Rockets Redglare (born Michael Morra; May 8, 1949 – May 28, 2001) was an American character actor and stand-up comedian. He appeared in over 30 films in the 1980s and 1990s, including a number of independent films and mainstream films, such as After Hours (1985) and Desperately Seeking Susan (1985).

Early life
He was born Michael Morra in New York City to a heroin-addicted 15-year-old mother named Agnes Tarulli Morra. While still in utero, he became addicted to heroin, so doctors added an opiate derivative into his baby formula so that he could withdraw from the drug. Morra's father and uncle were career criminals in the Italian-American underworld in Sheepshead Bay, Brooklyn. After his father was deported to his native Italy, Agnes began a relationship with a drug-addicted former boxer who assaulted both young Morra and the mother.
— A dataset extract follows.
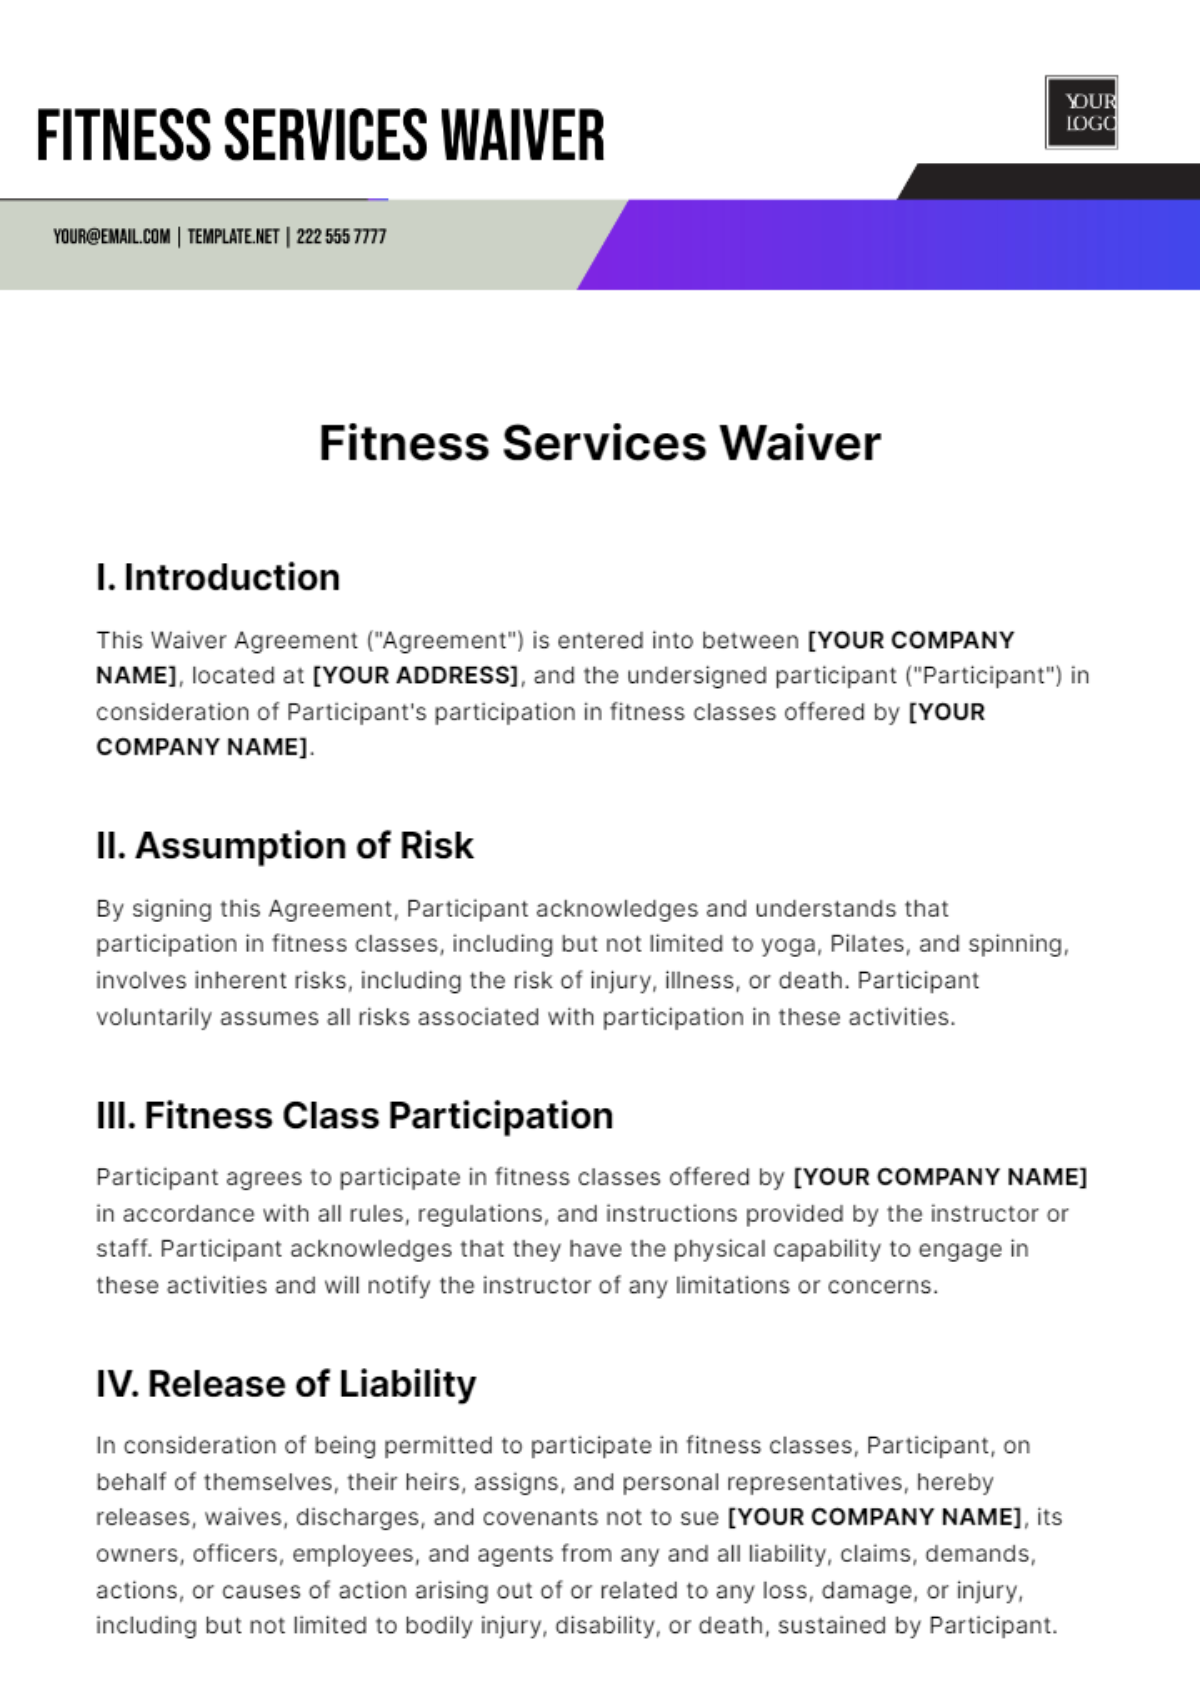 Free Fitness Services Waiver Template

Morra also spent time being raised by his aunt in Lindenhurst, New York. After his mother was killed by her boyfriend, Morra took up the stage name Rockets Redglare, from the fifth line of the U.S. national anthem "The Star-Spangled Banner".

1970s and 1980s
From 1970 to 1974, Morra spent time at Kinsman Hall, a drug rehab first located in Hauppauge, New York (early 1968), which then moved to Hillsdale, New York (late 1968) and eventually went to its new facility located in Jackman, Maine (mid 1970). He entered the program as a resident and became employed as a staff member, reaching the position of assistant residential director and then leaving to return home to New York. In the early 1970s, Rockets lived with the actress Baybi Day before moving into a second floor apartment on Third Avenue, off 14th Street. In the late 1970s, Morra spent most of his time in the East Village, where he "became a permanent fixture in the punk and porno film scenes." Morra worked as bouncer at the Red Bar in the East Village as a roadie for a band called The Hassles (with a young Billy Joel), and acted as a bodyguard and drug supplier to punk rock bassist Sid Vicious and artist-musician Jean-Michel Basquiat. The night Sid Vicious is alleged to have killed his girlfriend, Nancy Spungen, Morra had delivered 40 capsules of Dilaudid to the couple's room at the Chelsea Hotel. In his book, Pretty Vacant: A History of Punk, Phil Strongman states that he believes Redglare murdered Nancy Spungen. Redglare always denied involvement in Spungen's murder to the press, but often "confessed" to the murder within his circle of friends, to mixed reaction. Friends like Zoe Hansen took Redglare at his word, but others like Howie Pyro have cast doubt on Rockets' alleged claims, insisting he enjoyed telling exaggerated stories for attention.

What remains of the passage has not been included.